Monday, February 4, 2013

Hey look, it's Arika!

Well this is a day late, but I was much busier than I anticipated this weekend. I had to finish quite a bit of homework, but now that it's all settled, I have thirty minutes to relax before starting again. And yet, I'm not regretting my choice to take 8 classes (yet, anyway). So far, they're all pretty straight forward.
In other news, I've hit a rather euphoric period. I'm not completely better yet: I still have my bad days where I just want everything to go away, and I feel like bursting into tears, but their occurrences are becoming farther and farther apart. So, as of right now things are looking up.
Recently, I've been exploring the different kinds of love. There are so many different shades of love, but most people immediately think of one--romantic love. The problem is, I'm not in romantic love with anyone right now (I might be in romantic like, and maybe romantic lust, but certainly not romantic love). And yet, the only three words on my lips currently are "I love you." I want to say it, and I want the person I say it to to understand what I mean. Because I love the people in my life very much, and I want to make sure they understand.
But I don't want anyone to misinterpret my words. That is my number one pet peeve; my friends can attest to how angry I get when people don't fully listen to me. So even though I am dying to explain with only three little words how much someone means to me, I keep my mouth shut.
I don't want anyone to be scared off by my words.
Arika

Saturday, February 2, 2013

Different Shades of Love

Yesterday was a very good day. I woke up feeling so very content, and I loved the feeling. I realized that I am in the exact place in my life that I want to be. I am writing books, something I enjoy immensely. I have great friends who i know will always be by my side.

It seemed that Arika was having the same feeling of contentment that I was. She texted to let me know that she loved me. It was nice to hear and remember that we will always be there for each other. The conversation went something like this:

Arika: We just connect on several different levels. :) It's like how we seem to have similar moods.
Aiden: In other words we were bound to meet up. It was always fate, like Maddie and Julie!! Oh gosh, I just tear up thinking about that *book.
Arika: Oh my goodness, that book made me cry so hard! But yeah, I think it was meant to be. Something you just can't question, and I think meeting you was one of them. :)
Aiden: ......there are no other words except: "It's like being in love, finding your best friend."
Arika: That is precisely the feeling. When i read that line, I remember thinking 'oh my gosh, that's it'.


I can't really describe how good I felt just talking with my best friend. I think I can safetly say I have three best friends. They are ones that will never go away. Personally, I don't count my sisters or brothers in this list mainly because I think the idea that we would be best friends goes without saying.

My three best friends include Jassy, Arika, and my best friend from Kindergarten. We became friends on the first day of school and haven't stopped since.

I know that when I'm ready to make the jump to get married, my future husband will have to be my best friend.
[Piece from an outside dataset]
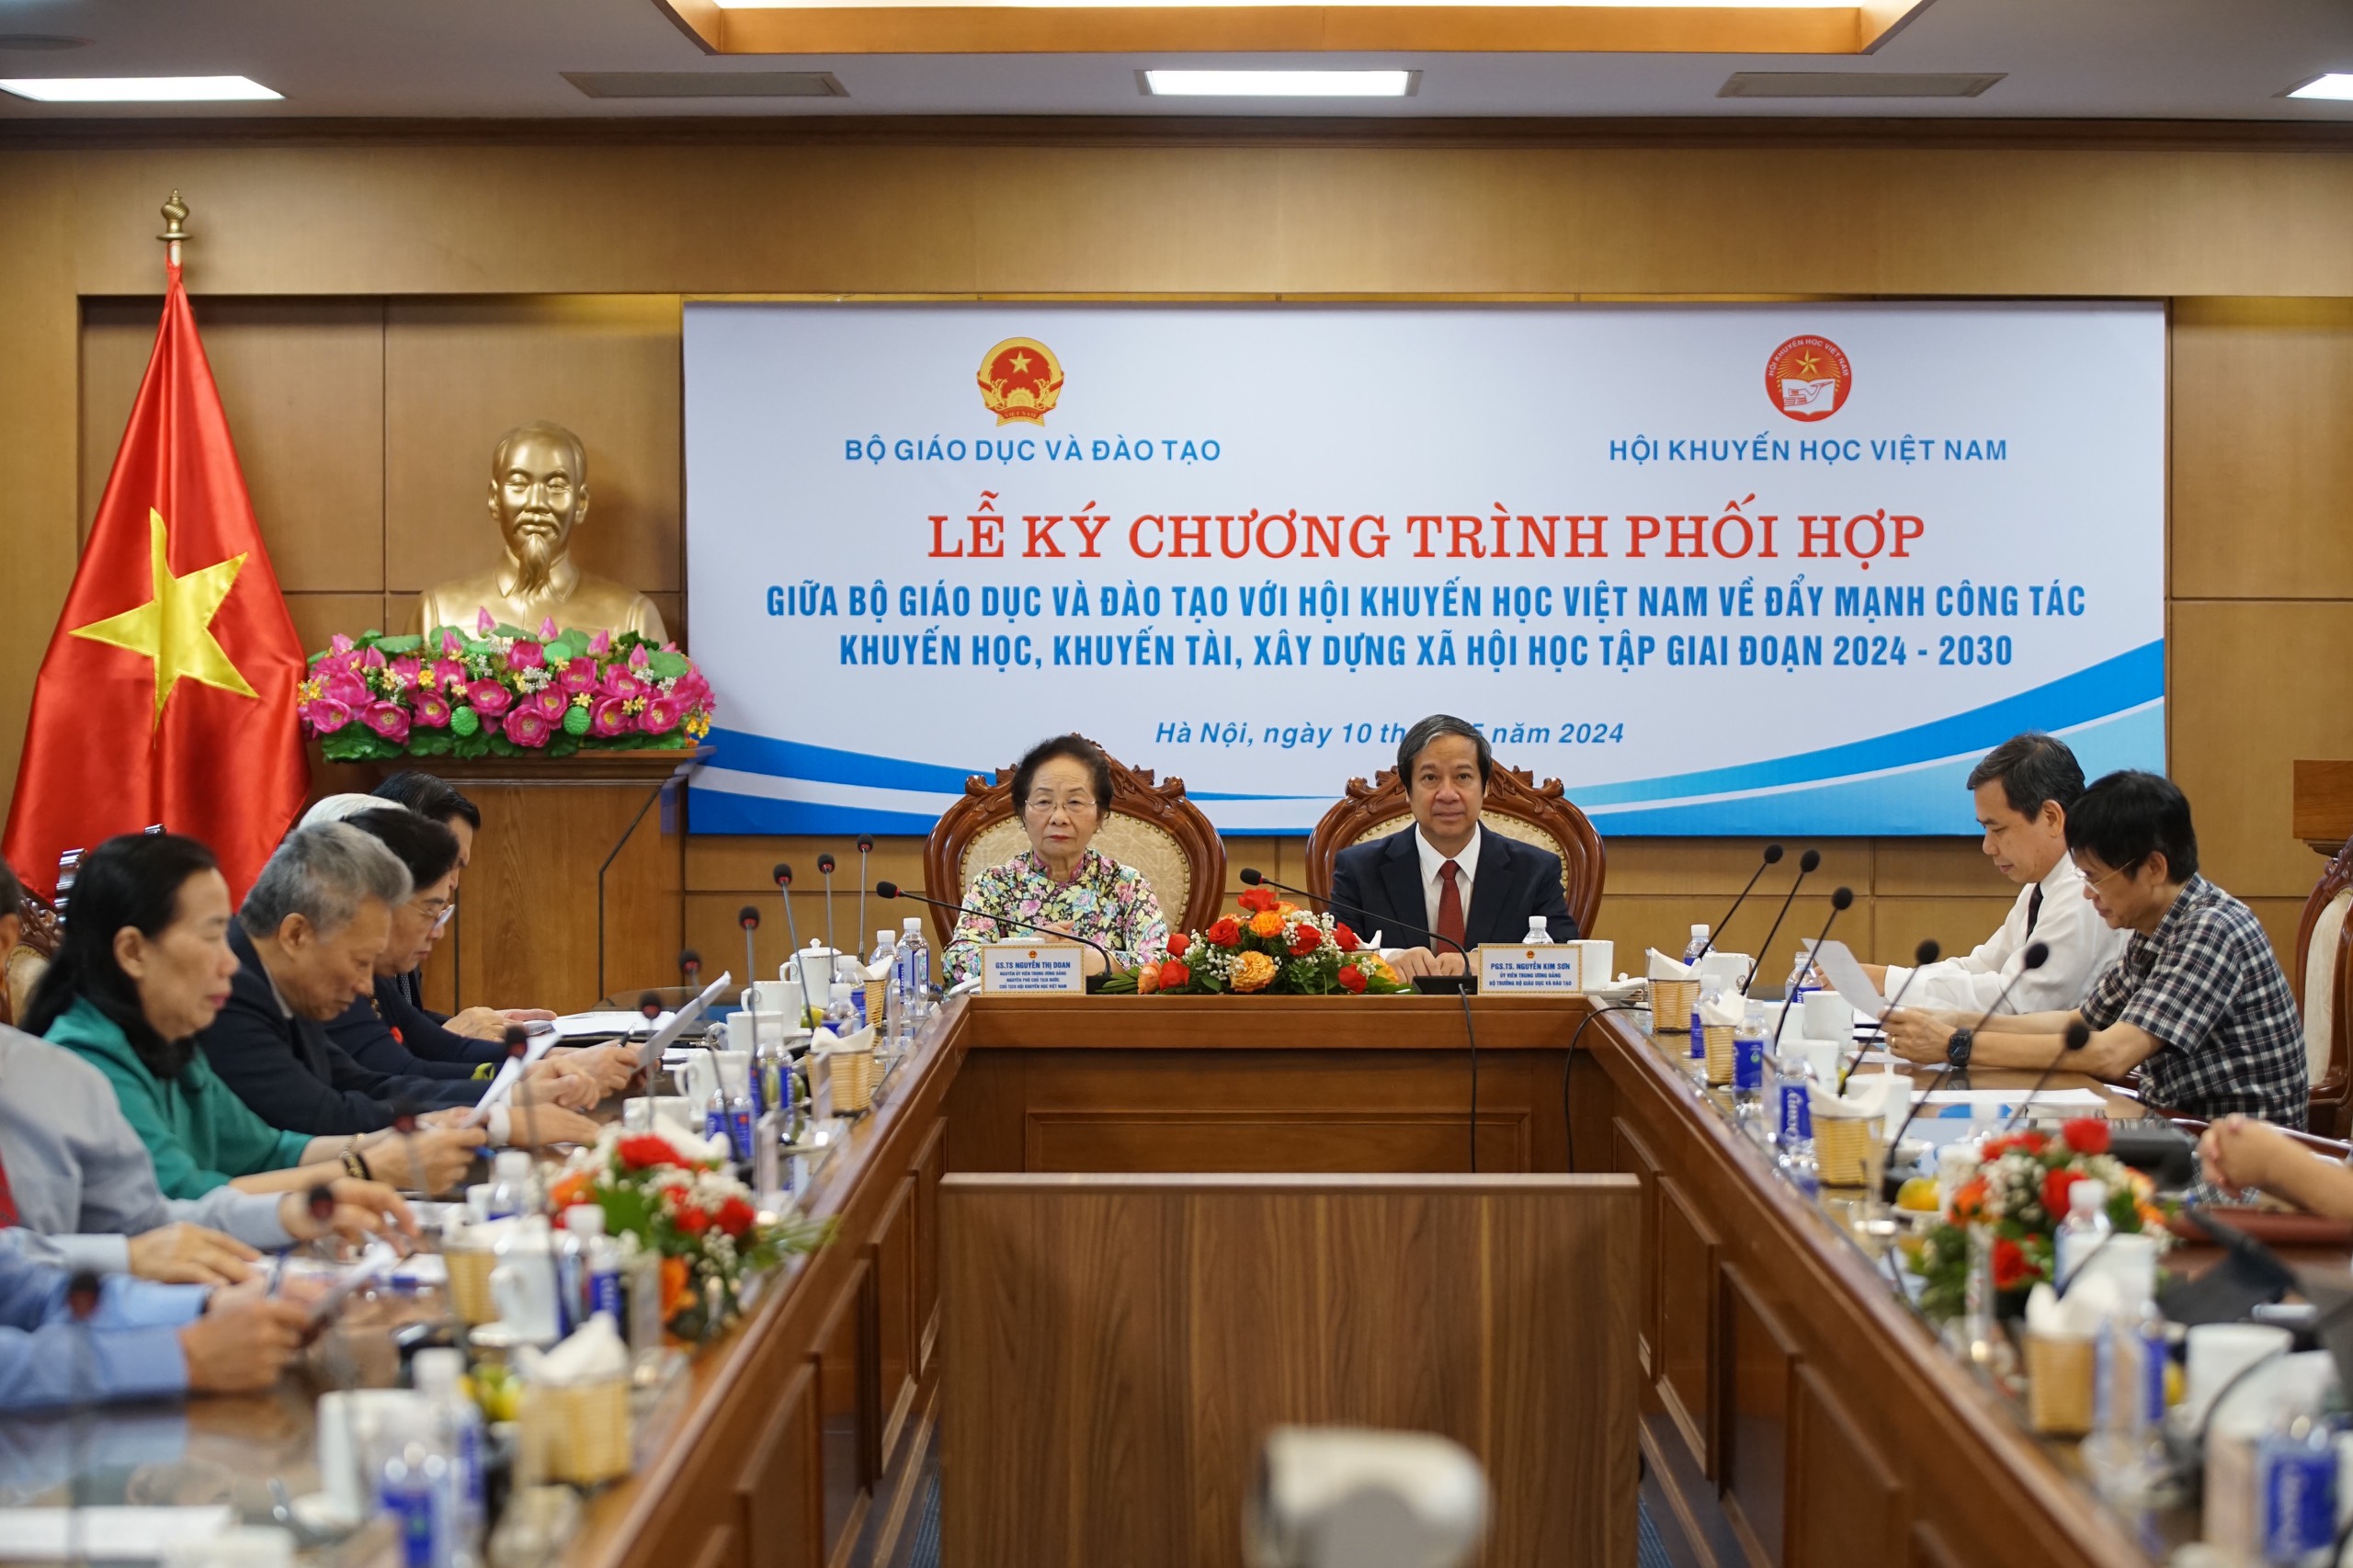 Chủ tịch Hội Khuyến học Việt Nam Nguyễn Thị Doan và Bộ trưởng Bộ GD&ĐT Nguyễn Kim Sơn chủ trì buổi lễ.
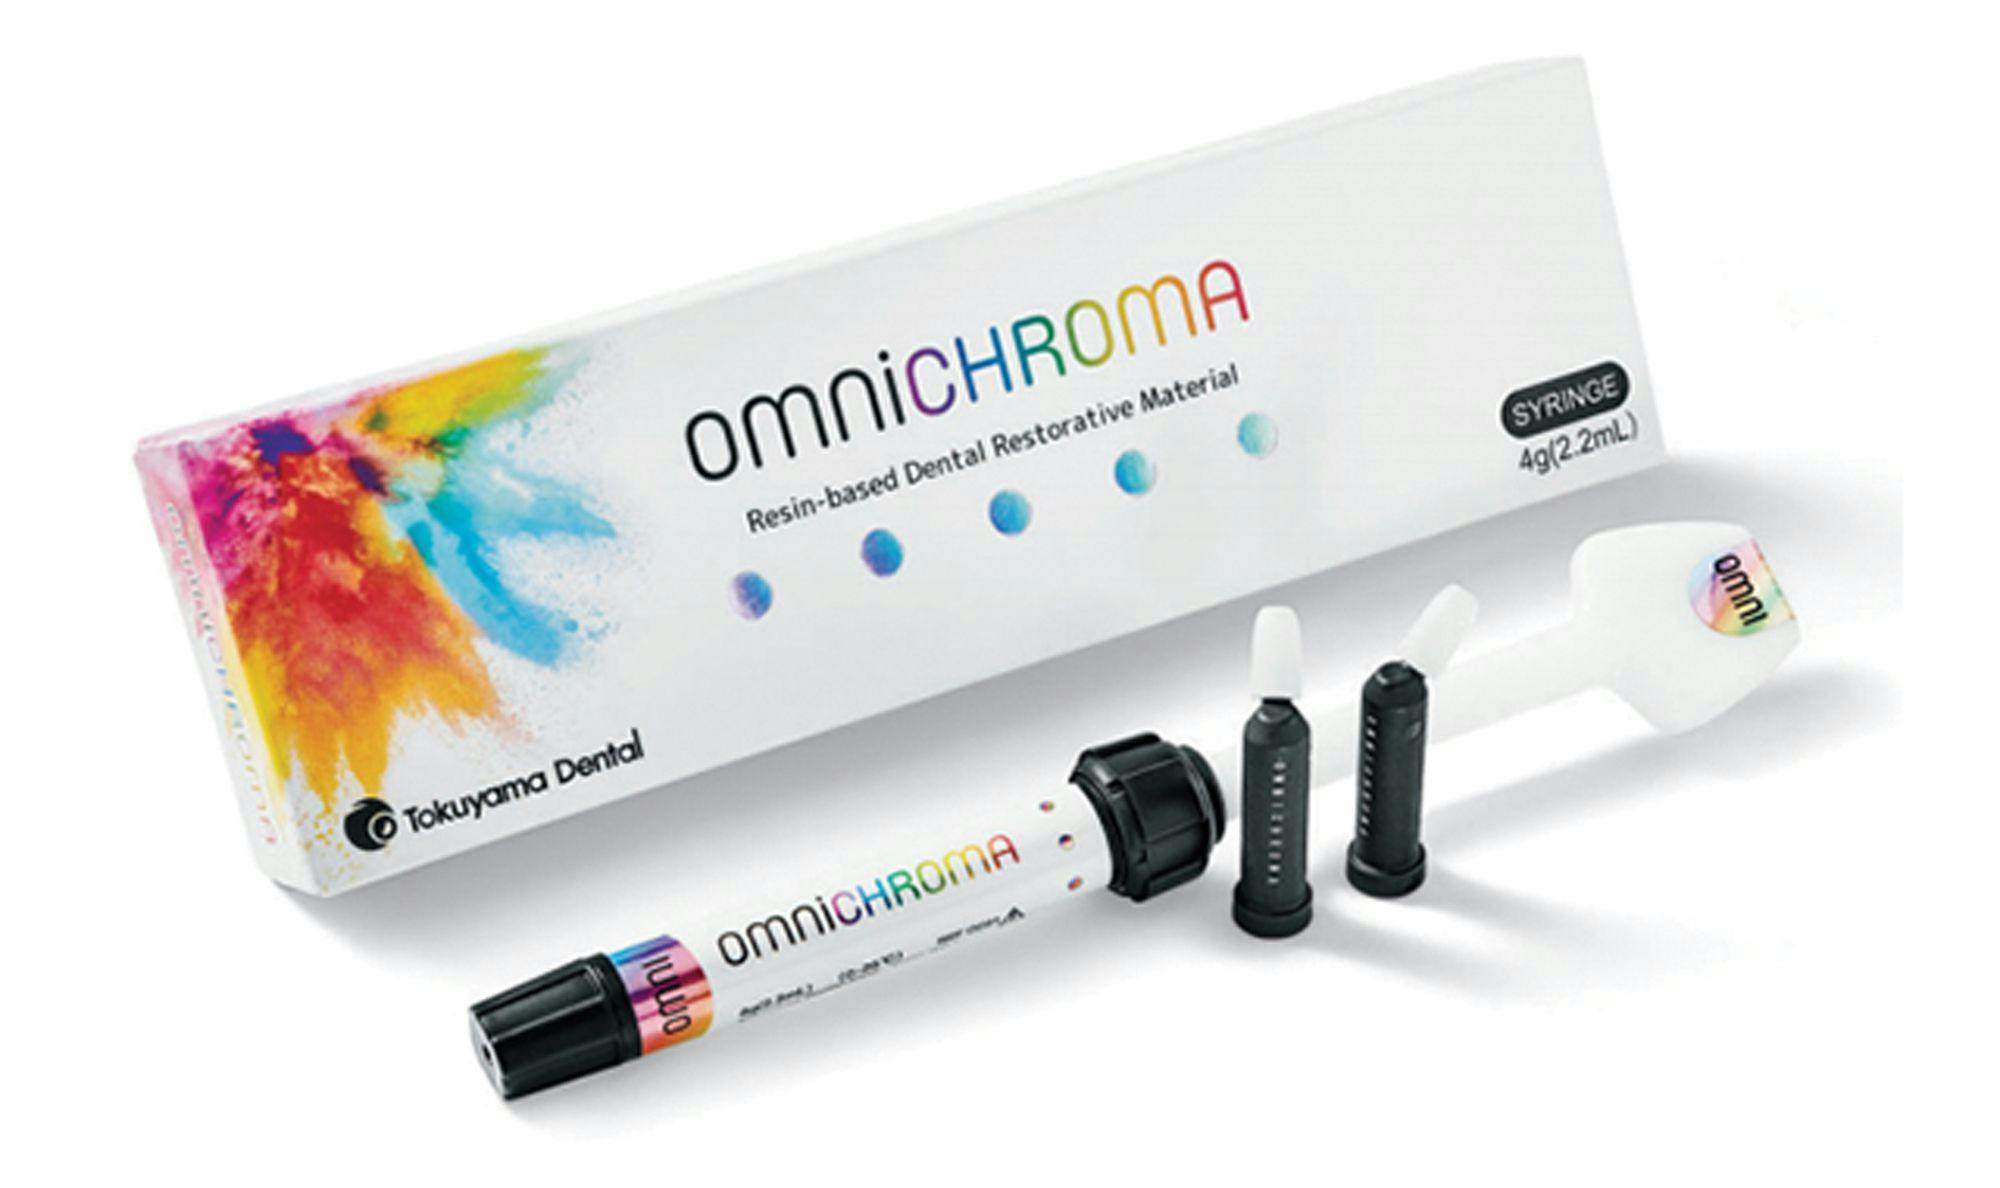 OMNICHROMA. Image credit: © Tokuyama Dental America

He and I will have to have the same type of relationship I have with my three best friends. There is nothing we wouldn't do for each other, and all the trials we would go through together would just make us stronger. 

It's nice to have friends like that. I am grateful to know that with everything changing in my life, they will always be there, constant in my life.

I love you guys!

Have a great weekend everybody.

Aiden

*the book in question is Code Name Verity. If you have a day or two, read it. You will not regret it. It shows the depth of true friendship.